▶ **What you are asked to do**: For the material below, return exactly the lines starting at the line containing "Gauze Bandage 1inch" and ending at the line containing "dekokissen geo jetzt", both ends included, and no others.

BEGIN Record extracts

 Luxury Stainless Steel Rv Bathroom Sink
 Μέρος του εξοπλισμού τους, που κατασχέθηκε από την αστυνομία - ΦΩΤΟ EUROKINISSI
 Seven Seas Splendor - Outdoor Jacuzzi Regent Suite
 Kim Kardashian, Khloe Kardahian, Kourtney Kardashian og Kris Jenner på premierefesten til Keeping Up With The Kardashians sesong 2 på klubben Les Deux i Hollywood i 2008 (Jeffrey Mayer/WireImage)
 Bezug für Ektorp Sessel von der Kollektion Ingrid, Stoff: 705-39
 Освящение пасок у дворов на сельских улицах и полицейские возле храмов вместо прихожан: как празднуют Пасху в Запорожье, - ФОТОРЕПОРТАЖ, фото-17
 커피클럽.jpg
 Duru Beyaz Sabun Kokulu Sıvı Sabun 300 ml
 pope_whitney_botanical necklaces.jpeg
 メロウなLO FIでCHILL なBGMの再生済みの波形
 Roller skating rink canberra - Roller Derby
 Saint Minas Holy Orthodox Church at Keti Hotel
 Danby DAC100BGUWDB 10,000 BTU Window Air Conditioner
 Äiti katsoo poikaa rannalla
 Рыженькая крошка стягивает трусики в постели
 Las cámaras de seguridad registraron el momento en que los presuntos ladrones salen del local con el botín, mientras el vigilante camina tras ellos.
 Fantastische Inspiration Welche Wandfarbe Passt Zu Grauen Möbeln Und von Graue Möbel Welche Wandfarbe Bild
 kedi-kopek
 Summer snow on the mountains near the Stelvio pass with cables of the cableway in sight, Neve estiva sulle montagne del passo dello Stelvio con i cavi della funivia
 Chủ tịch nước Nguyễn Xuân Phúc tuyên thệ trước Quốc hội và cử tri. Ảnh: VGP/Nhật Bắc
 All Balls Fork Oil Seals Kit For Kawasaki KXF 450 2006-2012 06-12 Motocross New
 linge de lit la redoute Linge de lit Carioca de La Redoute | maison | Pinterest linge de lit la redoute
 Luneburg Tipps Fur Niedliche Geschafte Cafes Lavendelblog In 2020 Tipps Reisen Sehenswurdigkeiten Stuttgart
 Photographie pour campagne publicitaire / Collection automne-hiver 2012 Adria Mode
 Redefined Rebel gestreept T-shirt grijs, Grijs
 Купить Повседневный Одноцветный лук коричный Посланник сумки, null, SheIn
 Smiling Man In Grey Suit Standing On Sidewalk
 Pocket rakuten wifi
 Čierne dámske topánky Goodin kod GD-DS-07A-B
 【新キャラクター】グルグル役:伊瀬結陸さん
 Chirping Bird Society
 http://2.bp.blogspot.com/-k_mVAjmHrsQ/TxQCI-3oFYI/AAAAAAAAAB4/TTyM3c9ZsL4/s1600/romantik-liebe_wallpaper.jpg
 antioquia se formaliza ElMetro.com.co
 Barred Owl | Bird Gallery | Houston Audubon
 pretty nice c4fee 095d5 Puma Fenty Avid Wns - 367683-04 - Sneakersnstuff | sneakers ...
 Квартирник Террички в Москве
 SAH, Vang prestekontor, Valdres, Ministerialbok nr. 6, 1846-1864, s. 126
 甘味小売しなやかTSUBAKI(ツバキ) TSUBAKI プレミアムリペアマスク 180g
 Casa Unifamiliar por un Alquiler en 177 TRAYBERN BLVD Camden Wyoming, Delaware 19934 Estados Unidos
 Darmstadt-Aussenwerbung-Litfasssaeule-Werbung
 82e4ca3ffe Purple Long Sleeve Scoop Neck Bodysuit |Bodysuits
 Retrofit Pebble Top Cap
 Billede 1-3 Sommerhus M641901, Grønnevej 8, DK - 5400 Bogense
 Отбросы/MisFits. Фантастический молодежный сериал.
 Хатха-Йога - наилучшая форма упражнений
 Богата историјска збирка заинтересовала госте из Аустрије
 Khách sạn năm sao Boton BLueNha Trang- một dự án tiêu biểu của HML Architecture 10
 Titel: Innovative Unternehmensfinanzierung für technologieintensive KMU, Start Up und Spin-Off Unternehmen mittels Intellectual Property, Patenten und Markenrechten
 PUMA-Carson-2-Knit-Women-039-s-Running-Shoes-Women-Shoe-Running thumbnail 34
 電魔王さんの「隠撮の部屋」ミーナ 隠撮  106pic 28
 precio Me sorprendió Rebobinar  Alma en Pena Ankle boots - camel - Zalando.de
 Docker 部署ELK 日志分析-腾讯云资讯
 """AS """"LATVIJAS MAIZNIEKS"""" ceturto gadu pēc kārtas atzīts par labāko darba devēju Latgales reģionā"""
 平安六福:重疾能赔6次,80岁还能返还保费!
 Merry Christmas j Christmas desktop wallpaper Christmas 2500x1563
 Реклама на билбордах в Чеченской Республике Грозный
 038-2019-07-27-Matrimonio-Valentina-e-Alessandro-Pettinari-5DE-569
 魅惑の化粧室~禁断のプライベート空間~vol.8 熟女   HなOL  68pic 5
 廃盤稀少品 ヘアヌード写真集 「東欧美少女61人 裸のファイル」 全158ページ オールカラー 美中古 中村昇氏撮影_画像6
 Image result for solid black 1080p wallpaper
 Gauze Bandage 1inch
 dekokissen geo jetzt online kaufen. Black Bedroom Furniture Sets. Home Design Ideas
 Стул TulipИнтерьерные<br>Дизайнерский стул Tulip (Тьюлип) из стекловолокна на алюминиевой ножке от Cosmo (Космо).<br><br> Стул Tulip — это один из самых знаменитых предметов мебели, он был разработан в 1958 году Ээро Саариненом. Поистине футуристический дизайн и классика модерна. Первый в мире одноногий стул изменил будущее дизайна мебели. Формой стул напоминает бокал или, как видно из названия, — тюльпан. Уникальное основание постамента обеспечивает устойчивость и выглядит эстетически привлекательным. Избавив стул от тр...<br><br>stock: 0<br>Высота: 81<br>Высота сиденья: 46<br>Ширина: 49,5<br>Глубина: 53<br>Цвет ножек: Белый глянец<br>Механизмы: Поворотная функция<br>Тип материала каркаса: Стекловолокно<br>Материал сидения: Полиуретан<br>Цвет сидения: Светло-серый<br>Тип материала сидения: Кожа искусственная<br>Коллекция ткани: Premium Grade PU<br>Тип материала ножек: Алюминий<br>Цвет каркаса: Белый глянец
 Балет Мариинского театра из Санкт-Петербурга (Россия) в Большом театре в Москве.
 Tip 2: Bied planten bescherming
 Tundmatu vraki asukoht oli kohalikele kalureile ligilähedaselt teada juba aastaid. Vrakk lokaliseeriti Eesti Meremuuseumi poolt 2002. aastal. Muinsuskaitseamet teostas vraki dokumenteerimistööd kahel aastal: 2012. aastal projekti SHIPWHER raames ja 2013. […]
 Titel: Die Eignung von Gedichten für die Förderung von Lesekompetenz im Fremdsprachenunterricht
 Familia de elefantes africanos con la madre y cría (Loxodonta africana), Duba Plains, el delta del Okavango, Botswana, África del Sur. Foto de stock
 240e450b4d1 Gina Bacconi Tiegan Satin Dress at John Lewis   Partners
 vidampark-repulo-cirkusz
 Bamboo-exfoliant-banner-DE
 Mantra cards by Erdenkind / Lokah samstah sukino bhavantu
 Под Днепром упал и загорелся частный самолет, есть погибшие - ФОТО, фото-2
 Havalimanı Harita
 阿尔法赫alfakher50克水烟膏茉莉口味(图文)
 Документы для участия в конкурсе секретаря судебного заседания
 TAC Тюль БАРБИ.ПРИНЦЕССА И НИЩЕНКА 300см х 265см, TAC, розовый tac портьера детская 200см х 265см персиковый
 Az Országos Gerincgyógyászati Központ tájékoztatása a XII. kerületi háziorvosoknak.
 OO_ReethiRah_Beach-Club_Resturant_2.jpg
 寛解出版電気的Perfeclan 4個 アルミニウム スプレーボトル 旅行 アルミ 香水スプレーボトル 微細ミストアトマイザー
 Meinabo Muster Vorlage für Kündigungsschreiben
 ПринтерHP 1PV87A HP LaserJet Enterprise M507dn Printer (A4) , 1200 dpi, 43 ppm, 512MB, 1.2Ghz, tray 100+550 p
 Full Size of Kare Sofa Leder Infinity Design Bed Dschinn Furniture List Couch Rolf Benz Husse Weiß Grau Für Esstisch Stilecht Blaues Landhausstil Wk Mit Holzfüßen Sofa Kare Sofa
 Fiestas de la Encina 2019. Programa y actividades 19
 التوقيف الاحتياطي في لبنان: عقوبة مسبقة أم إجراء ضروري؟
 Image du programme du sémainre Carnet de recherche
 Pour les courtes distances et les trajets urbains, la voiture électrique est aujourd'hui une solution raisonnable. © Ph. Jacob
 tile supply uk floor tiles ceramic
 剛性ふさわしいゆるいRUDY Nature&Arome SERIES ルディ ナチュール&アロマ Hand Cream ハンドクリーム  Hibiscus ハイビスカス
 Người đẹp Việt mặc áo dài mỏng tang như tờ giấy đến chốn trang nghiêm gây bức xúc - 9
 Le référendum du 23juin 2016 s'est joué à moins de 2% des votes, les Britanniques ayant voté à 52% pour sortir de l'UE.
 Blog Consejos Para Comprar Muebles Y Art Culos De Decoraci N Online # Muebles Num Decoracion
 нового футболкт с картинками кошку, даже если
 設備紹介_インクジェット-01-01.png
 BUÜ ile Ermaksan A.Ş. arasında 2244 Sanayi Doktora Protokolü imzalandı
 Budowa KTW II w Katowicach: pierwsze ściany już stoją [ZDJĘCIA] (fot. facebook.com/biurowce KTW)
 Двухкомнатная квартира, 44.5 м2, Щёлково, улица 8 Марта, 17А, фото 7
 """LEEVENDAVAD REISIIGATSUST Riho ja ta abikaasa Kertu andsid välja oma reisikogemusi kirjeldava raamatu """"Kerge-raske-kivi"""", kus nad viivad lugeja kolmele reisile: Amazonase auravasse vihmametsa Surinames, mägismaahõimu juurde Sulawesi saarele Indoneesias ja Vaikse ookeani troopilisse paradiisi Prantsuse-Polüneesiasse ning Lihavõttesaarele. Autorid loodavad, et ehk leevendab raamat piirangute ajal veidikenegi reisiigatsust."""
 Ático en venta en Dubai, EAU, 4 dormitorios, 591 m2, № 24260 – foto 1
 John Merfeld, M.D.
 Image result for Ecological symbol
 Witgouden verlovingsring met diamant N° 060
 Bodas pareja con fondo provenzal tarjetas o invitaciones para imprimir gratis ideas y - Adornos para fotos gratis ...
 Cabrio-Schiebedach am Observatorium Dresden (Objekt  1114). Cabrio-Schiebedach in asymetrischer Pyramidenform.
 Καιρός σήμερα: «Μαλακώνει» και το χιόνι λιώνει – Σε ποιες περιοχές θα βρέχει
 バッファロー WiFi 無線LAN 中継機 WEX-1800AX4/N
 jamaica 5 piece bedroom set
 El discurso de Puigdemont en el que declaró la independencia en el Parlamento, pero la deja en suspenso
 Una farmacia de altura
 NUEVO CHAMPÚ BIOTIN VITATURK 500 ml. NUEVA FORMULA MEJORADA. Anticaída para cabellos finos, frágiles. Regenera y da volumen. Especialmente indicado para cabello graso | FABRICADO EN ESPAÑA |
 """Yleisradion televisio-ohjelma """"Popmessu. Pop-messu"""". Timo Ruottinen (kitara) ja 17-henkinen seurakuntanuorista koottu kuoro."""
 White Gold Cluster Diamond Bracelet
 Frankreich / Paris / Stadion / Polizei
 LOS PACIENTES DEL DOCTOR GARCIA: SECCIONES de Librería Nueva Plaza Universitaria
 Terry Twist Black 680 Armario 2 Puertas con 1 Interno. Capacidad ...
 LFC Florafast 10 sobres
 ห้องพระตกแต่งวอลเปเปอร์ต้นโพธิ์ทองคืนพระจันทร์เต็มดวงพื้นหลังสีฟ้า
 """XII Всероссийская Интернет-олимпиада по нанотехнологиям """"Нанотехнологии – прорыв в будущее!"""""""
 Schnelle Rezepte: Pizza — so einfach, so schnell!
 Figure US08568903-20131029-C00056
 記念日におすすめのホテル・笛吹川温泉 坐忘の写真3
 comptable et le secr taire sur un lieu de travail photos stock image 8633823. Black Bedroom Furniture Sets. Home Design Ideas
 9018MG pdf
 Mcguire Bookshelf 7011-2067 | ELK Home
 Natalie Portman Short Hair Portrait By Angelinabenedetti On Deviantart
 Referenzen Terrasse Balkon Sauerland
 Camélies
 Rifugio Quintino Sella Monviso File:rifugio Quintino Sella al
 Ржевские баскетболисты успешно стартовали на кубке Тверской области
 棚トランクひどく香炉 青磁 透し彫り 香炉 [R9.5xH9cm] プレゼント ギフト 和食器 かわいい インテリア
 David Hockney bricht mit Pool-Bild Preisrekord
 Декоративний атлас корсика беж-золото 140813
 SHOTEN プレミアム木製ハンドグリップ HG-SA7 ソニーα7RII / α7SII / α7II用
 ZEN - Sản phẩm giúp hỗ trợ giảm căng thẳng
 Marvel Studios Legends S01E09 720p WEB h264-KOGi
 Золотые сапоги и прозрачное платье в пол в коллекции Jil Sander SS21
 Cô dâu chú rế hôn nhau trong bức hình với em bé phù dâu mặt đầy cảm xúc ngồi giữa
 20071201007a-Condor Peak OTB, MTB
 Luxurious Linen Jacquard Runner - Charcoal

END Record extracts

▶ **Answer to this task**:
 Gauze Bandage 1inch
 dekokissen geo jetzt online kaufen. Black Bedroom Furniture Sets. Home Design Ideas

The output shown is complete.